Nextor icon indicating copy to clipboard operation
Nextor copied to clipboard

A disk operating system for MSX computers, forked from MSX-DOS 2.31

Nextor

Nextor is a disk operating system for MSX computers. It is built on top of the source code of MSX-DOS 2.31, released in 1991.

The source code of Nextor is published with permission from the MSX Licensing Corporation under certain terms. Please take a moment to read the license terms for details.

Please visit the Nextor section in Konamiman's MSX page for binaries.

Repository structure

Note that there is no master branch, but branches for each major version of Nextor (v2.0 and v2.1 currently).

  • source: The source code of Nextor itself.

    • kernel: The kernel ROM, includes the FDISK tool.

    • command: NEXTOR.SYS, COMMAND2.COM and the command line tools that were originally supplied with MSX-DOS.

    • tools: The new command line tools created for Nextor.

  • buildtools: Tools needed for building Nextor on Windows (deprecated) and Linux (recommended). Includes the source for two custom made tools: mknexrom (C) and SymToEqus (C#).

  • docs: Documentation for both users and developers.

How to build Nextor

The "official" environment for building Nextor is Linux. Legacy support for Windows is still offered but it's deprecated. Read on for the ugly details.

Linux

To build Nextor on Linux you'll need:

  • make. On Debian/Ubuntu-ish systems you can just apt-get install make.
  • The native MACRO80 tools provided by the M80dotNet project. Go to the releases section and download the appropriate variant of the latest version.
  • SDCC, for FDISK and the command line tools written in C. On Debian/Ubuntu-ish systems you can just apt-get install sdcc.
  • objcopy from the binutils package. On Debian/Ubuntu-ish systems you can just apt-get install binutils.
  • sjasm v0.39 to assemble some of the drivers. You have it in the buildtools/Linux folder, but you can also build it from the sources (remember to switch to the v0.39 branch).
  • mknexrom to generate the ROM files with the drivers. You have it in the buildtools/Linux folder, but you can also build it from the source in the buildtools/sources directory.

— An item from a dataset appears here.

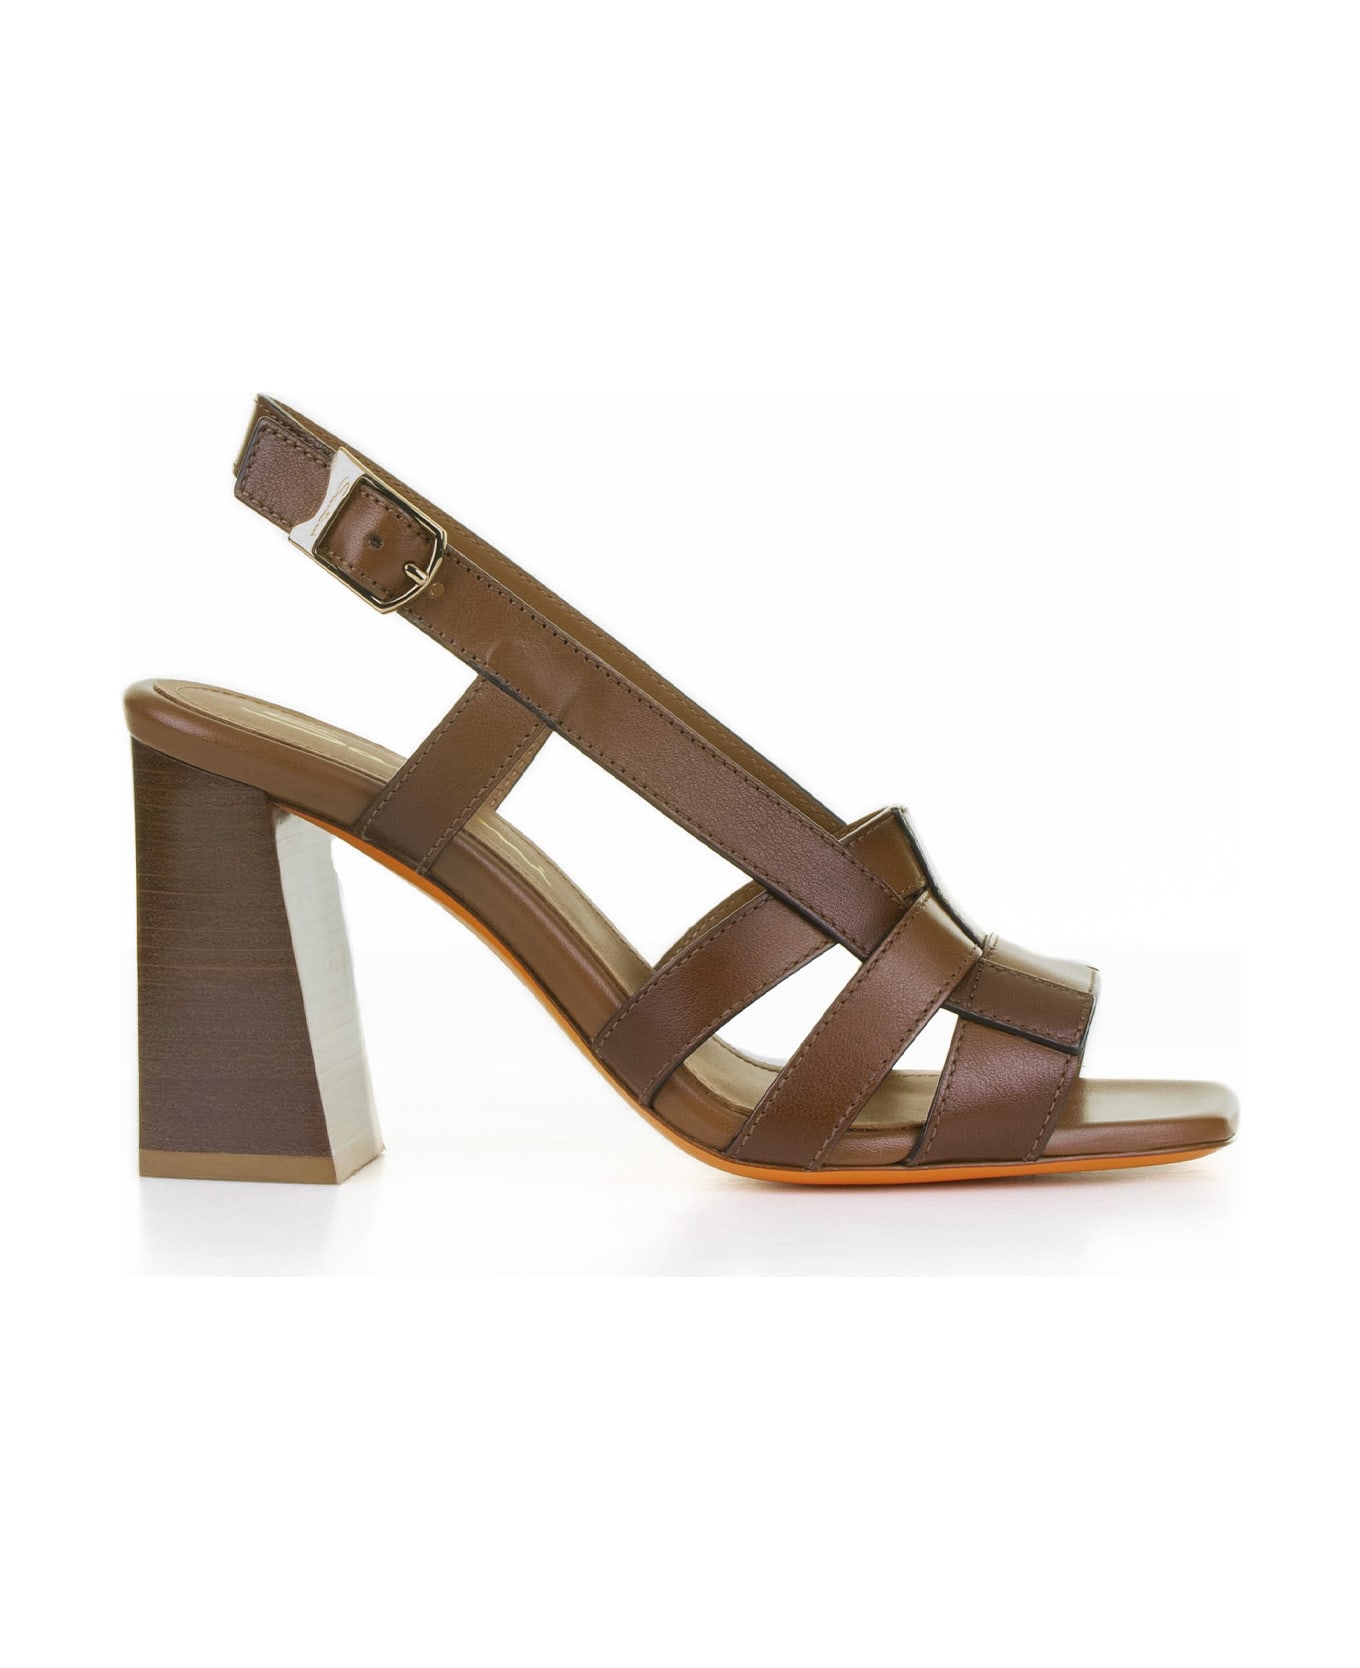 Santoni Brown Leather Sandal With Heel - LIGHT BROWN
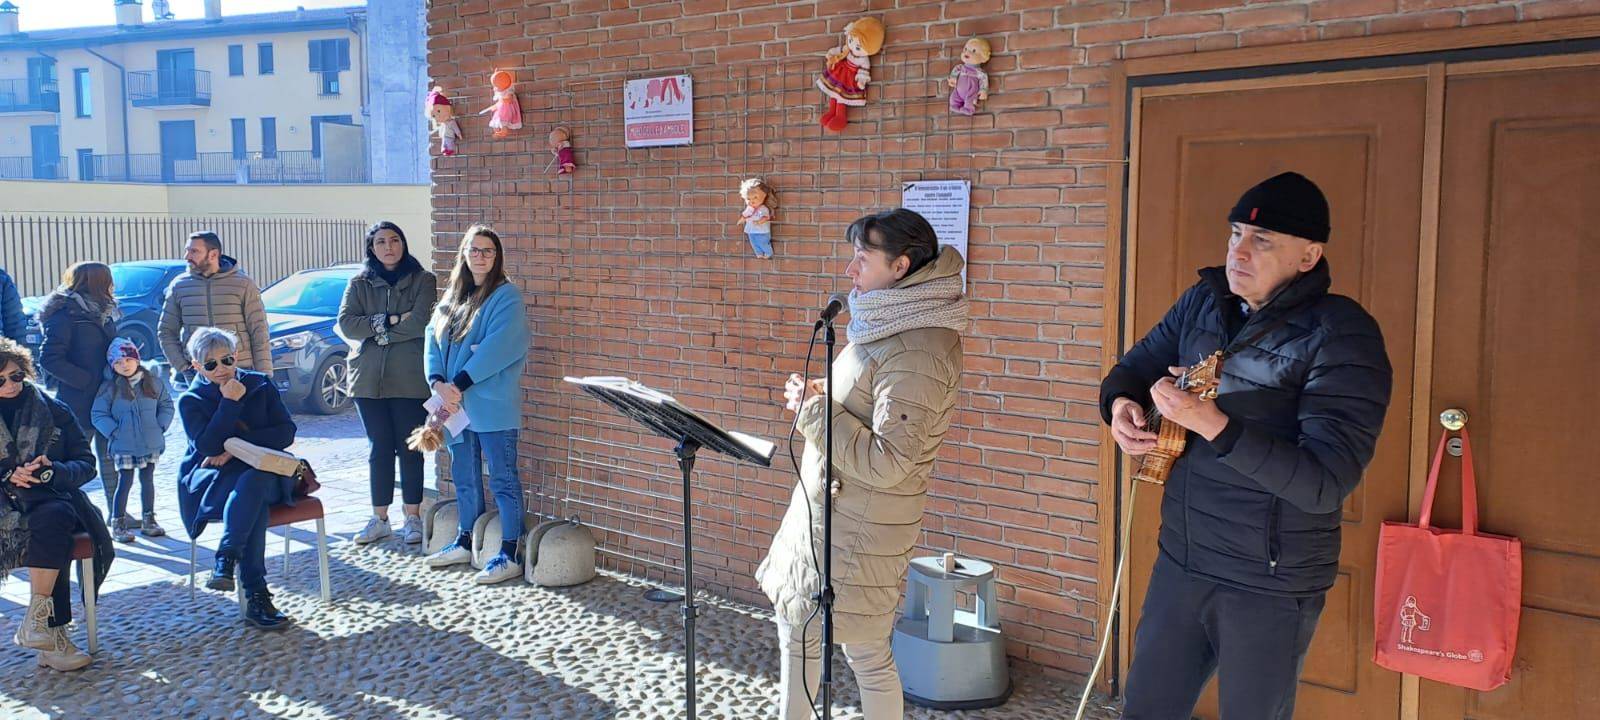 Taglio del nastro per il nuovo "muro delle bambole" contro la violenza sulle donne a Nerviano

Except for those obtained via apt, you'll need to place these tools at a suitable location to be able to use them, e.g. /usr/bin.

There are five makefiles that will take care of building the different components of Nextor. Once the tools are in place you can just cd to the appropriate directory and run make:

  • source/kernel: builds the kernel ROM files and copies them to the bin/kernels directory. There are handy aliases for the different ROM files, so you can run e.g. make ide; see the kernels rule at the beginning of the file for the full list.
  • source/command/msxdos: builds NEXTOR.SYS and copies it to the bin/tools directory.
  • source/tools: builds the command line tools written in assembler and copies them to the bin/tools directory.
  • source/tools/C: builds the command line tools written in C and copies them to the bin/tools directory.
  • source: this one just invokes the other four in sequence, so it builds pretty much everything. It supports make clean too.

You may want to take a look at this now closed pull request from Dean Netherton that contains a different attempt at writing makefiles for bulding Nextor. It even has some nice extra features like building FDD and HDD images with Nextor, and building the mknexrom tool itself.

Windows

If you use Windows 10 the recommended approach is to use the Linux tools and scripts with WSL. If you use an older Windows the recommended approach is to upgrade to Windows 10 (or to install Linux in a separate partition or disk, or in a virtual machine).

However, if for some reason you are still using a non-WSL capable Windows, support for building Nextor is available as well; but note that it will probably be removed at some point in the future, as it's a maintenance burden (seriously, give Windows 10 and WSL a try, it's really worth it).

To build Nextor on Windows you need:

  • The tools in the buildtools/Windows folder. These must be placed in some folder included in the PATH environment variable.
  • SDCC, for FDISK and the command line tools written in C.
  • .NET Framework 2.0 or higher, for the SymToEqus tool.

You'll find a number of .bat files available at the same locations of the Linux makefiles except for the one in source (see "Linux" section above). These are not "makefile-ish" and always build the whole set of kernels/tools.